Janssen issued a statement after the verdict was issued, vowing to appeal:
“The jury has correctly rejected the claims relating to Janssen’s speaker bureau for PREZISTA® and INTELENCE® and the majority of the claims related to the marketing of PREZISTA® and INTELENCE®. We continue to believe that Janssen’s marketing and promotion of these life-saving medications has always been consistent with the FDA approved labels. The decision on the promotional claims is predicated on a clearly erroneous jury instruction that is contrary to the law and we are confident will be reversed on appeal.”
That statement apparently drew the ire of Judge Quraishi, who referenced it in his final judgment Friday as an example of Janssen’s failure “to accept responsibility for its conduct.” Reference to the press statement came during the portion of Judge Quraishi’s judgment determining whether to assess a civil penalty against Janssen of $5,500 per false claim or $11,000 per false claim.

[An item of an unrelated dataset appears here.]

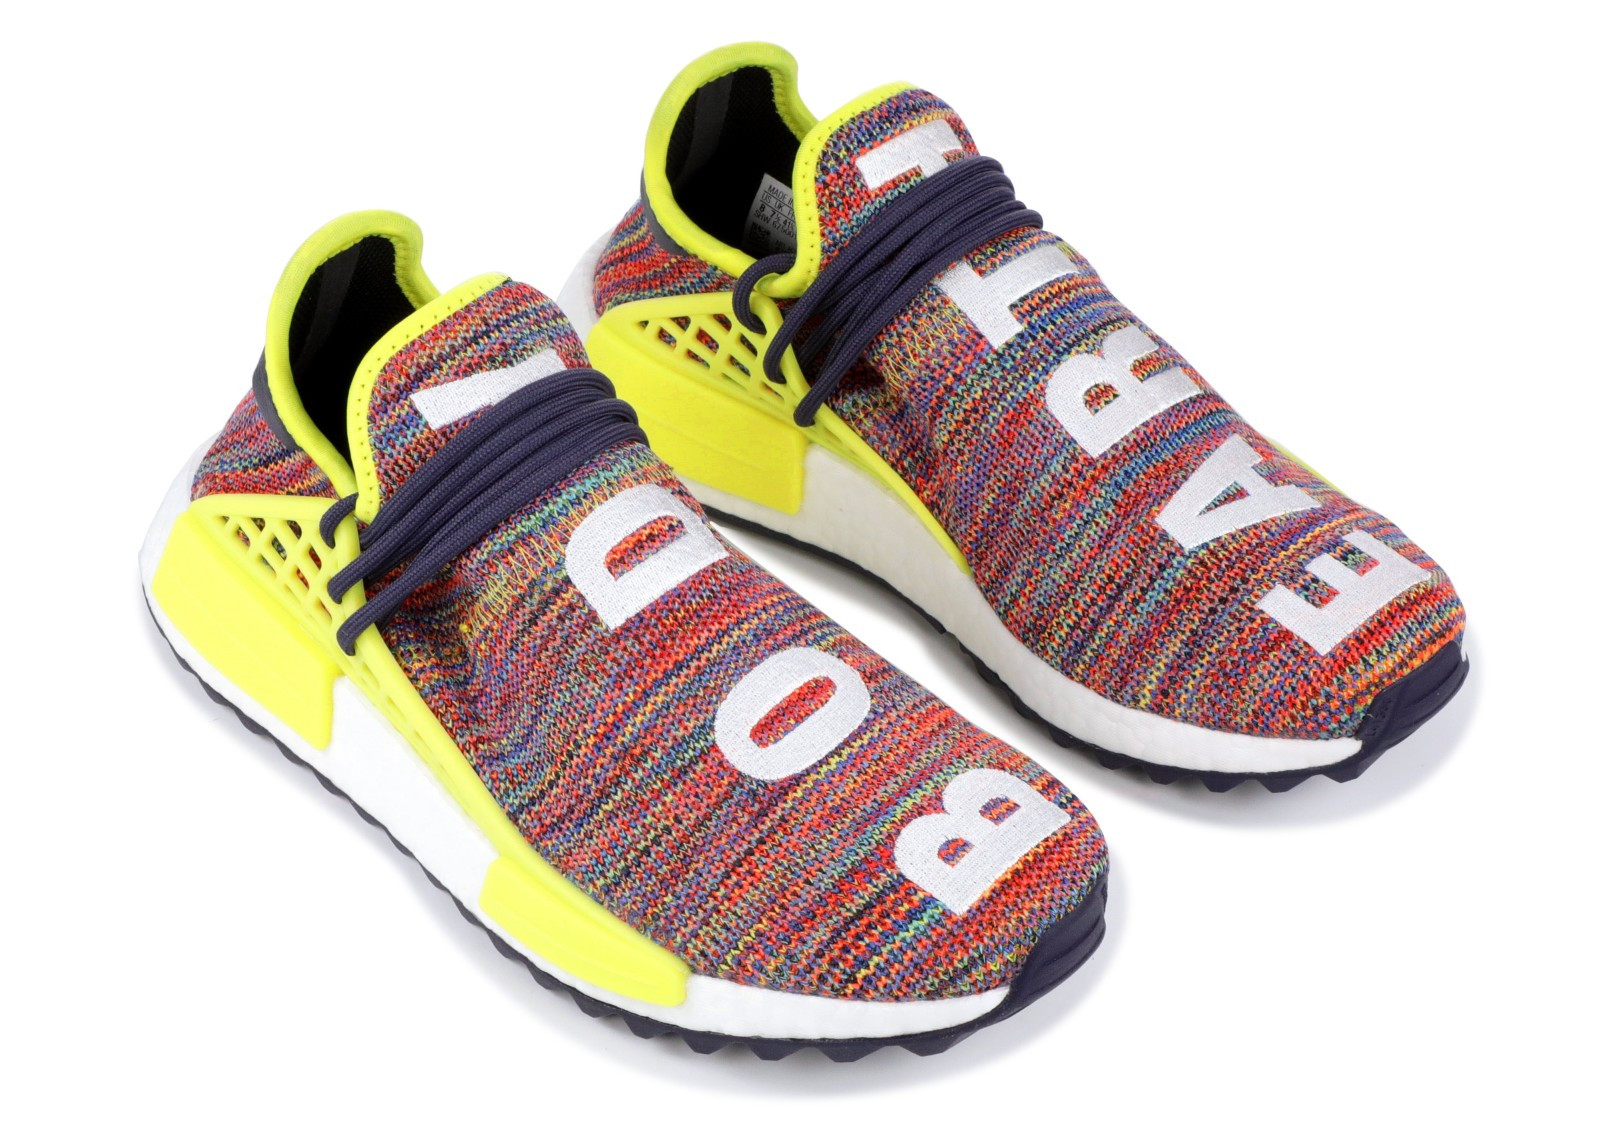 PW HUMAN RACE NMD TR "MULTI-COLOR" image 4

“While the need for deterrence, possible recidivism, Janssen’s evidenced pattern of misconduct, and its refusal to accept responsibility counsel in favor of the Court imposing a higher civil penalty, the lack of evidence regarding patient harm and general fairness principles counsel against the Court imposing the maximum penalty,” he wrote.
He settled on a fine of $8,000 for each false claim, writing that “a penalty near the middle of the statutory range both reflects the seriousness of the offense, and is not so grossly disproportionate to the jury’s finding of actual damages that it would constitute excessive punishment or a breach of due process under the U.S. Constitution.”

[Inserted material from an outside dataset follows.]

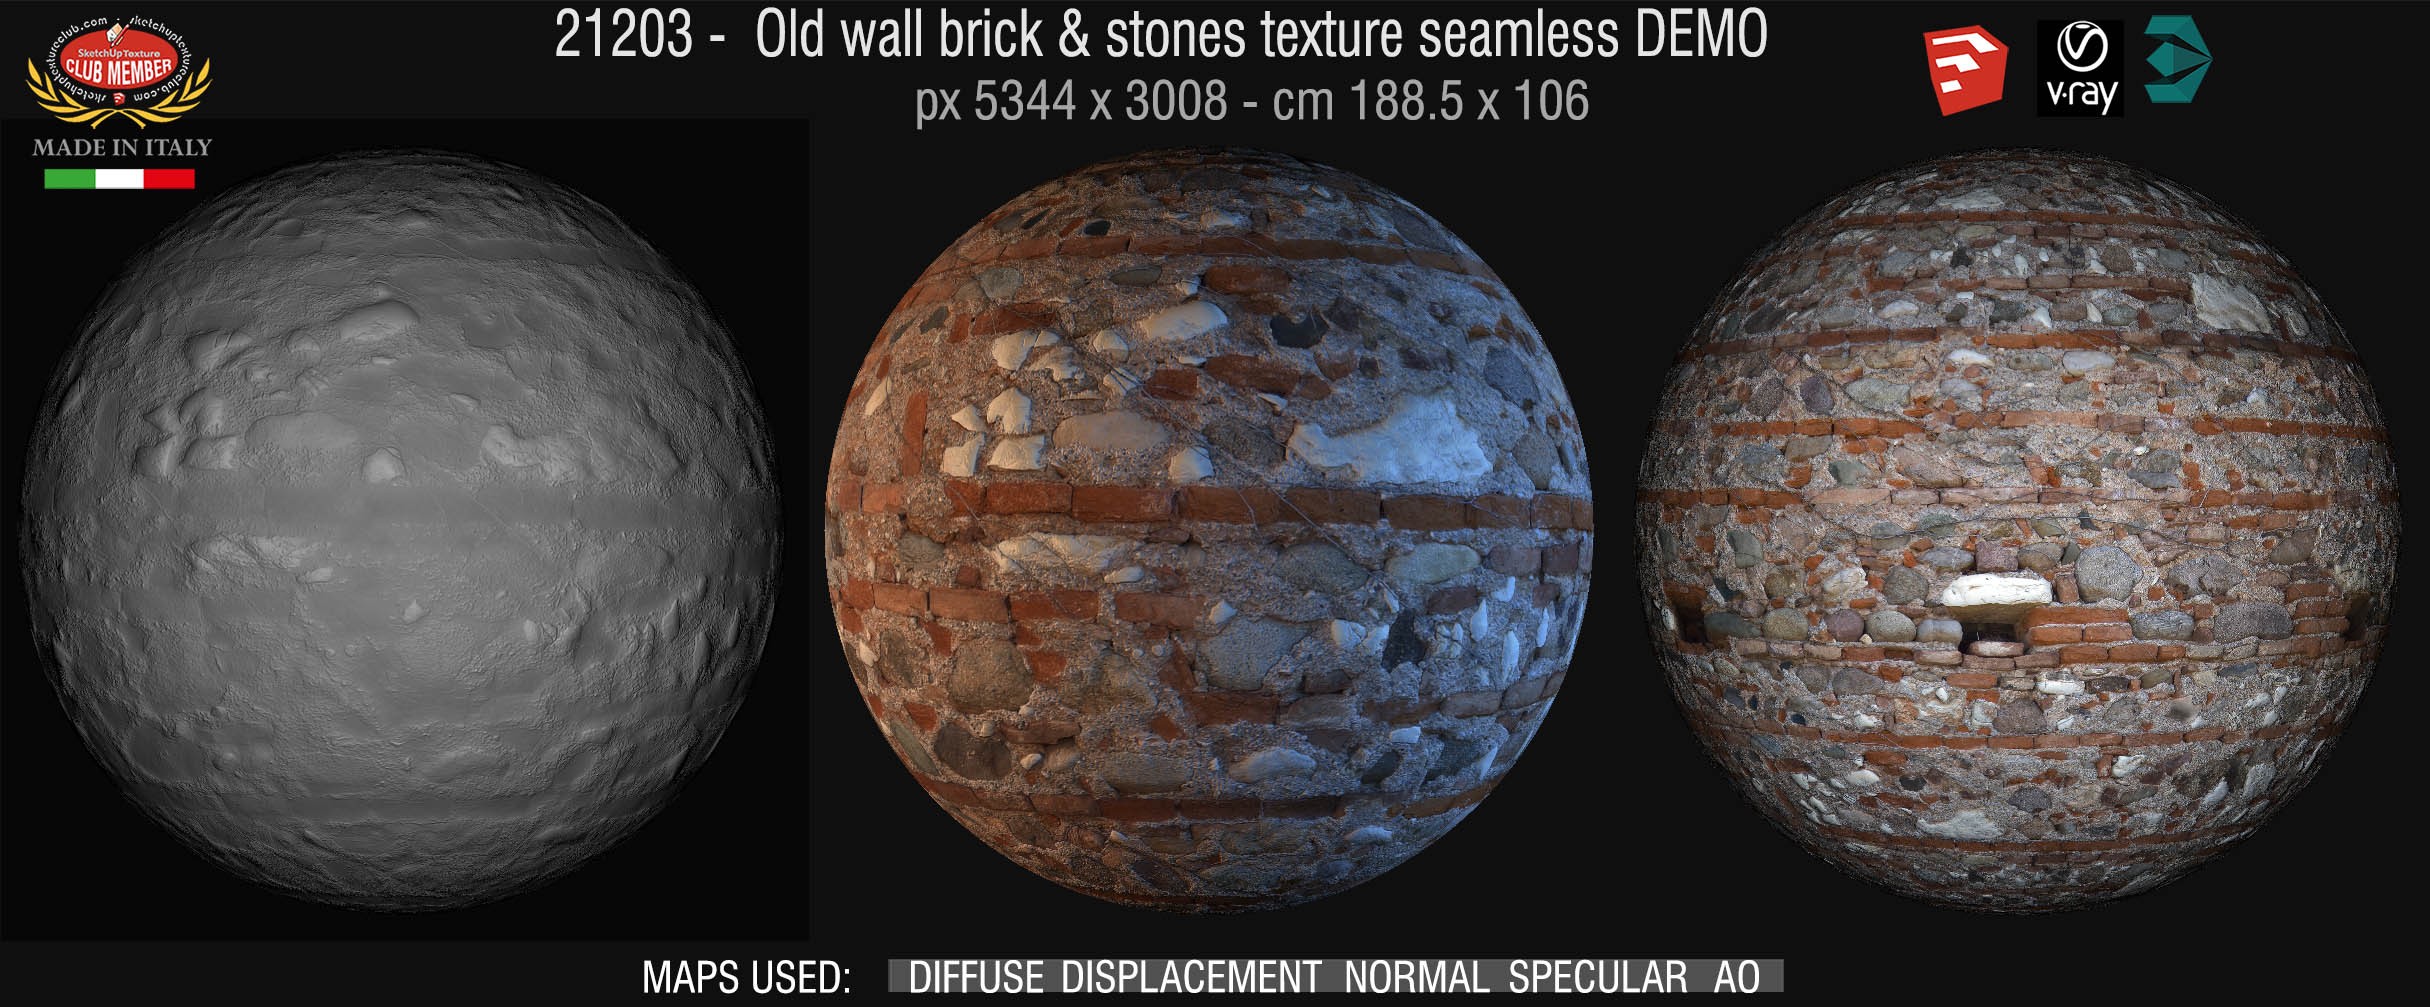 21203 Old wall brick & stones texture + maps DEMO

Marketos told The Lawbook on Friday that they had asked the judge to award a civil penalty of $9,000 per false claim.
“He was very considerate and deliberate and took everything into account,” Marketos said of Judge Quraishi’s decision. “… He could have whacked them with the whole amount, but it shows how reasoned his opinion was.”

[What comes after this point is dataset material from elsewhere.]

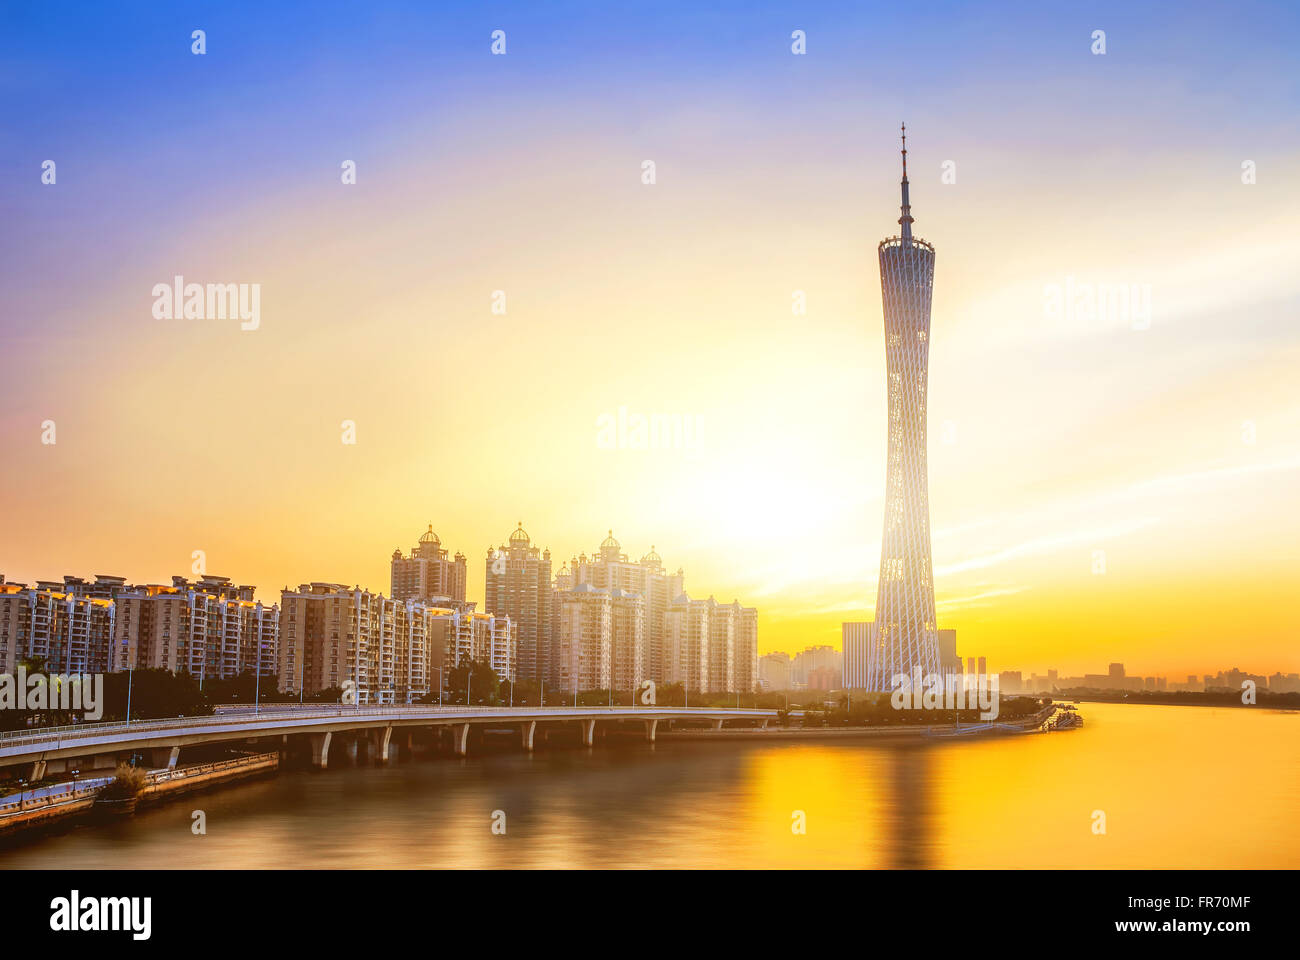 Dusk, television tower, Guangzhou, urban scenery, travel, no, outdoor, river, Pearl River, architecture, Asia, landmark building Stock Photo

Judge Quraishi held that there was “ample evidence to support the jury’s verdict of liability under the FCA.”
“It is not the Court’s role to second-guess the jury’s fact-finding and consideration of the evidence,” he wrote.
But the jury’s finding that Janssen had violated 27 state statutes did not withstand Judge Quraishi’s scrutiny, and he axed the panel’s award of about $30 million in damages to the states under the FCA. He wrote that the whistleblowers “failed to present sufficient evidence or analysis regarding the elements or scope of each state FCA at trial, despite the Court’s warning prior to closing arguments, and that it was error to accept Relator’s proposed jury instruction.”
“To be clear, whether or not Relators carried their burden of proof under the state law claims has no bearing on the jury’s finding of liability and damages under the federal FCA,” he wrote. “In assessing Janssen’s liability under the federal FCA, the jury independently determined that Janssen had caused the submission of 159,574 claims to the government, and that the United States suffered $120,004,736 as a result of these violations.”
The whistleblowers are also represented by Philadelphia law firm Berger & Montague and Andrew Wirmani, Adam Sanderson and Whitney Wendel of Reese Marketos.
Janssen was represented at trial by Allison Brown of Skadden, Arps, Slate Meagher & Flom, who has since moved to Kirkland & Ellis, and by lawyers from Troutman Pepper Locke.
The case number is 3:12-cv-07758.
Krista Torralva contributed to this report.